The flickable thing, I dunno... What grabbed me when I demoed the Camber last year was that it had a smooth, carvy feeling on my same trails that made my hardtail chatter like crazy. Do I have to plan my lines better and commit more on my new bike? Sure. But I love how smooth it is. It reminds me of moving from my old all mountain twin-tips to a big honkin' free ride ski several years ago. And it's not like I can't turn on a dime when I want to. I just have to mean it.

I do think I had to be ready to move to a bigger bike. Same with the skis. But with where my riding (and skiing) have gone, something with a higher speed limit has been the right move.


----------



## mtb_beginner (Jul 20, 2013)

I have figured out why I tend to run out of fast gears on straight downhills...it became my habit to get off the saddle which tends to slow my cadence down. And I do it without thinking about it. I would probably need to re-train my muscle memory for that.

On the other hand, instead of spending that extra $$$$ just to get an FS that fits my taste, I would rather just get a more high-end hardtail. Heck, I would rather use that money to buy upgrades or new bikes for people I care about...and spread the fun, instead of getting a slightly better riding experience for myself.


----------



## Metal Made Fox (Sep 18, 2014)

slapheadmofo said:


> Again, you're need to realize you're looking at an incredibly small subset of mountain bikers when you're talking about pro XC racers, or even XC racers in general.


Speak for your own area, out in my neck of the woods you see more hardtails in local XC races than you see full suspensions. And where did you get that most pro XC racers ride full suspension bikes? Take a look again.



slapheadmofo said:


> I don't see enduro or DH racers locking out their suspension, do you?

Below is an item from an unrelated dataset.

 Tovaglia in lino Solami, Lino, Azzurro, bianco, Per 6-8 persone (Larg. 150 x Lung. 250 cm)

I'm not sure what point you're trying to make with this idiotic statement. Why would you need to lock out your suspension if you're racing downhill? :skep:



slapheadmofo said:


> And what the hell does road racing have to do even remotely with mountain biking? Answer: nothing, zero, zilch, nada.


The best XC racers in the world also train heavily in road biking. If you want to be a fast and strong climber (as is essential for racing in Cross Country MOUNTAIN BIKING) you're better off mixing in road bike rides into your training routine.



slapheadmofo said:


> Seriously, it's already been established - for racing XC on smooth trails and riding asphalt for god knows what reason, HTs rule.

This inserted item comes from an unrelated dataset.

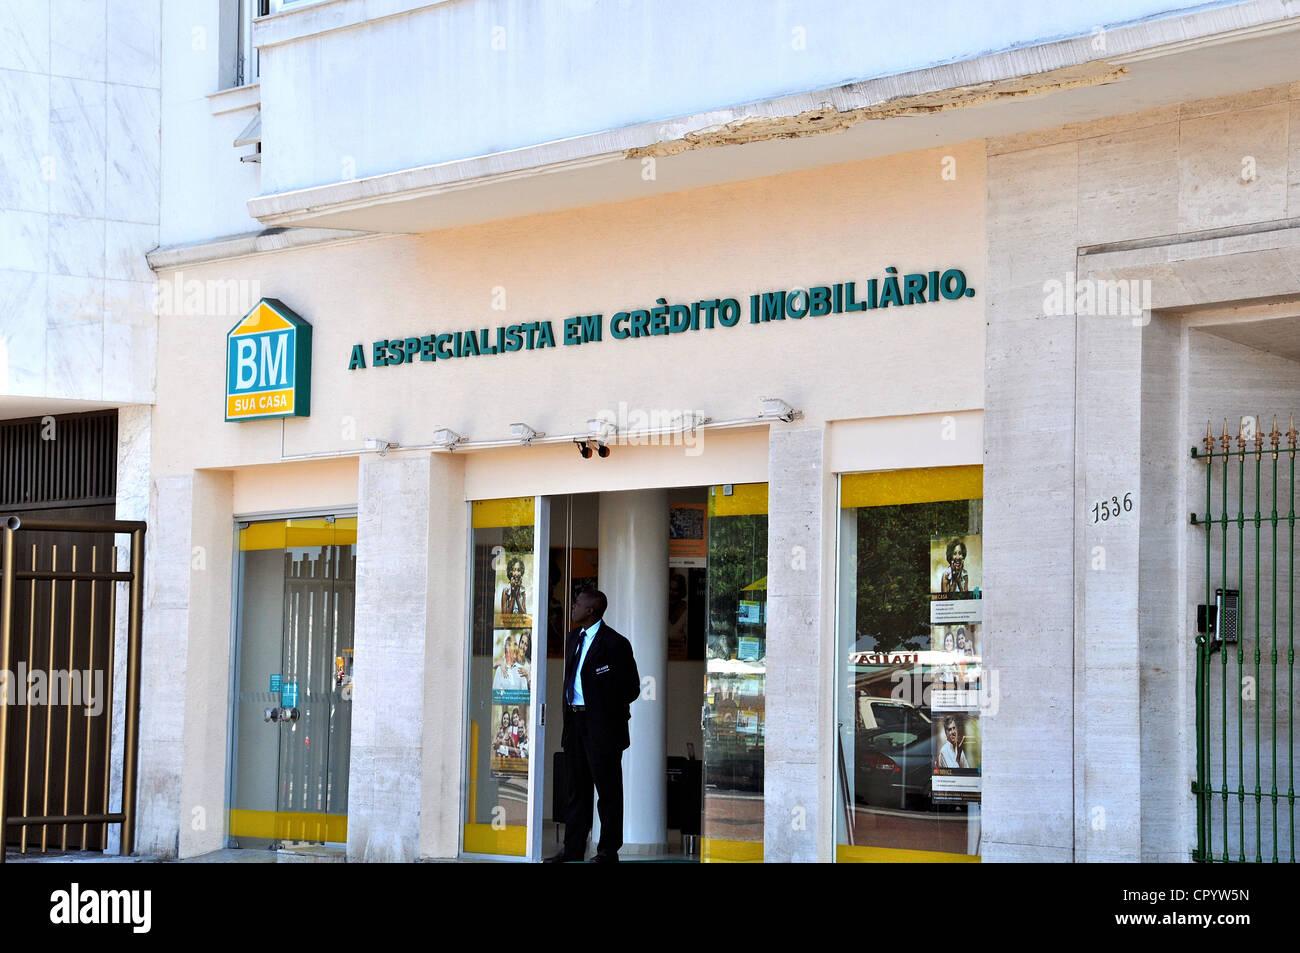 BM Sua Casa office Copacabana Rio de Janeiro Brazil South America - Stock Image

Established by who exactly? :skep: Who decides what kind of bike works better for an individual other than him/her self? Just because you are a mediocre rider who isn't skilled enough to handle a hardtail on rocky and technical climbs/descents doesn't mean that hardtails are only made for smooth surfaces. SPEAK FOR YOURSELF. We get it, you don't like hardtails because you're too weak and frail to handle the extra bumps. But please don't go around making up false bull sh!t about full suspensions being more efficient and what not, because last time I checked a bike is more efficient depending on rider skill not the bike itself.



slapheadmofo said:


> Maybe you need to expand your own riding so you're not so insistent on trying to project this little tiny niche corner you seem to have locked yourself into onto the rest of the world.


Maybe you need to WORK on your own riding so you can gain the skill necessary to ride technical trails on a hardtail so you won't have to lock yourself into depending on rear suspension to help you.


----------



## TracksFromHell (Jul 9, 2014)

There is this big guy (no weenie) on our rides. He cleans everyone on the up ... and then cleans everyone on the down ... on a heavy Kona Honzo steel hardtail!! 

He makes a lot of the good FS guys and a lot of the HT guys look like amateurs ..

Go figure.


----------



## chubmackerel (Sep 22, 2014)

Nino schurter world XC champion last two years....on a hardtail most of the time, 'on a smooth trail'.


----------



## chubmackerel (Sep 22, 2014)

Has anyone noticed that world cup XC race courses are quite challenging? or are you stuck in the 90s? :nonod::nonod:


----------



## Metal Made Fox (Sep 18, 2014)

chubmackerel said:


> Nino schurter world XC champion last two years....on a hardtail most of the time, 'on a smooth trail'.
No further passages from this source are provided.